Current–voltage sweep for the 100 nm pentacence film after positive (△) and negative (▾) bias stress, measured at 75 °C. After positive bias stress, current flow under positive applied voltages increases, while after negative voltage stress, current flow under negative applied voltage increases. The diode-like behavior is reversed in direction, but comparable in magnitude.
Conductance of the 100 nm pentacene film as a function of applied voltage after positive (a) and negative (b) bias stress. Measurements were taken at five temperatures between 30 °C and 75 °C. Although the conductance is relatively constant at high voltages, the system is clearly not Ohmic as the conductance is observed to change rapidly yet smoothly between −10 V and 10 V.

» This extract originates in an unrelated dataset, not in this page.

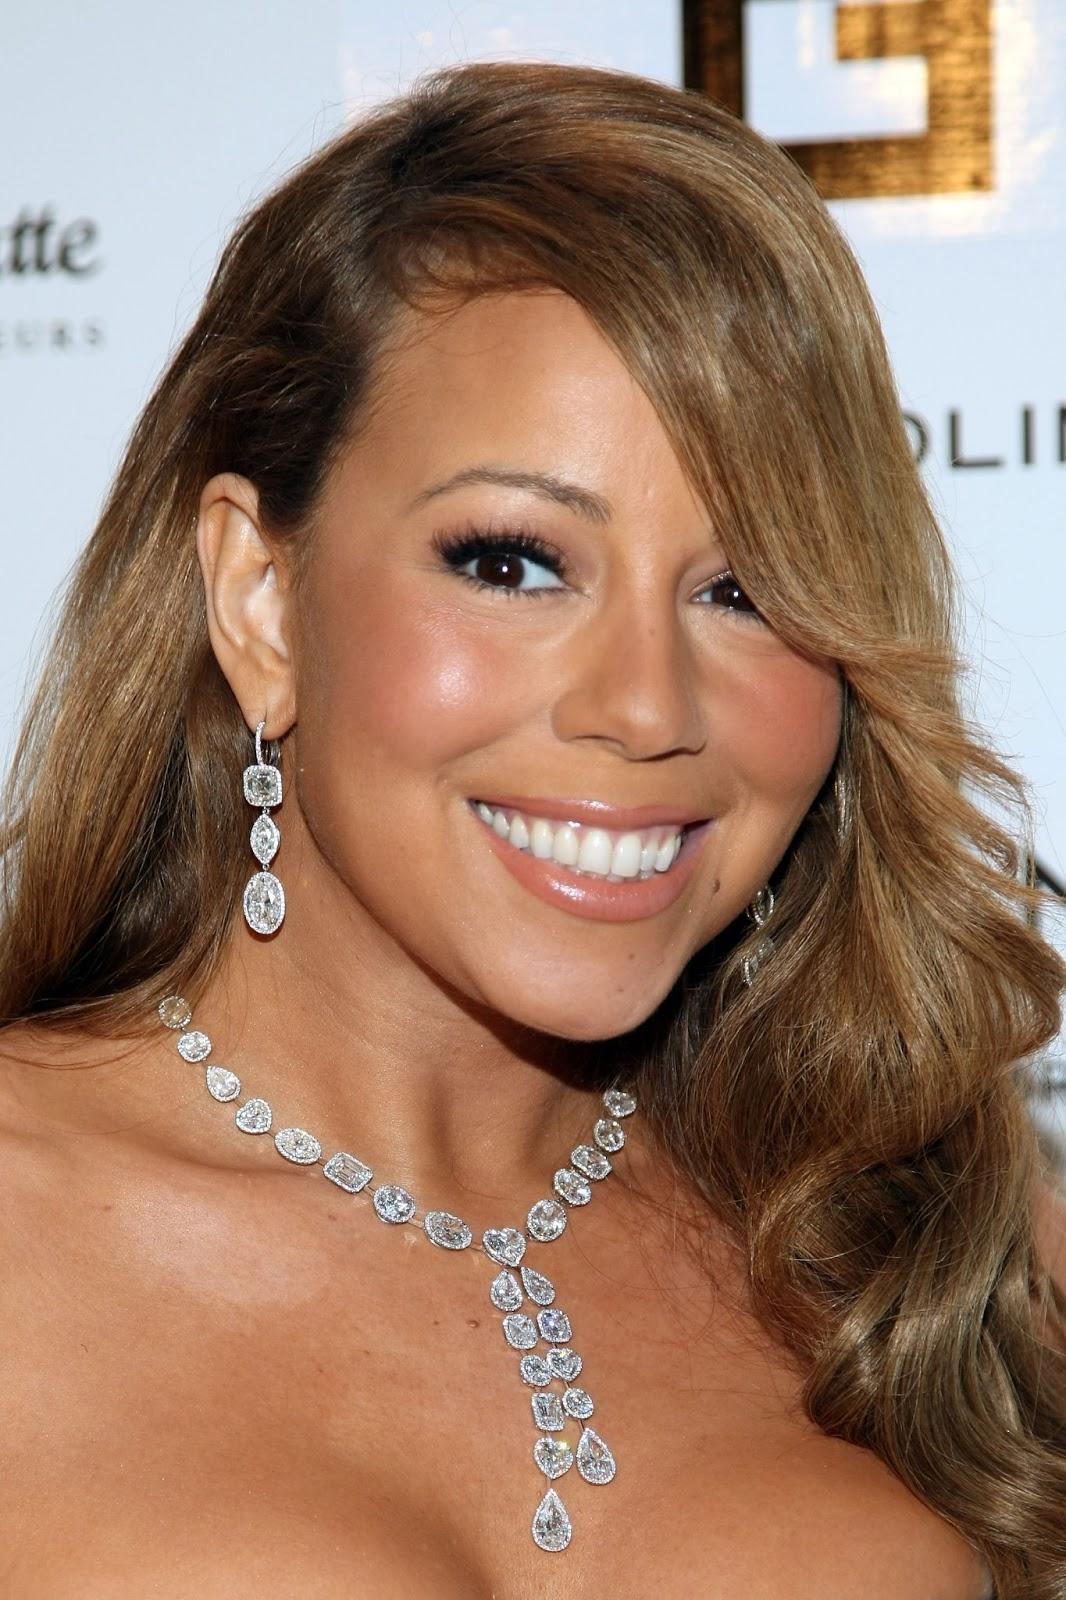 Mariah Carey: Mariah Carey Eyes Mariah Carey

The activation energy, calculated from the temperature dependence of the conductance data as G = G 0 exp(−E a/kT), is shown as a function of applied voltage for the pentacene film after positive (◯) and negative (●) bias stress. The activation energy varies over a range of 0.5 eV to 1.0 eV depending on the magnitude and polarity of the applied voltage as well as the direction of the bias stress.
The Arrhenius prefactor, G 0, plotted against the activation energy, E a, after positive (◯) and negative (●) bias stress. The Meyer-Neldel rule is observed for both datasets. The Meyer-Neldel temperature, calculated from the linear regression of ln(G 0) vs E a, is 123 °C. The extrapolated conductance at the Meyer-Neldel temperature is 8.9 × 10−12 S.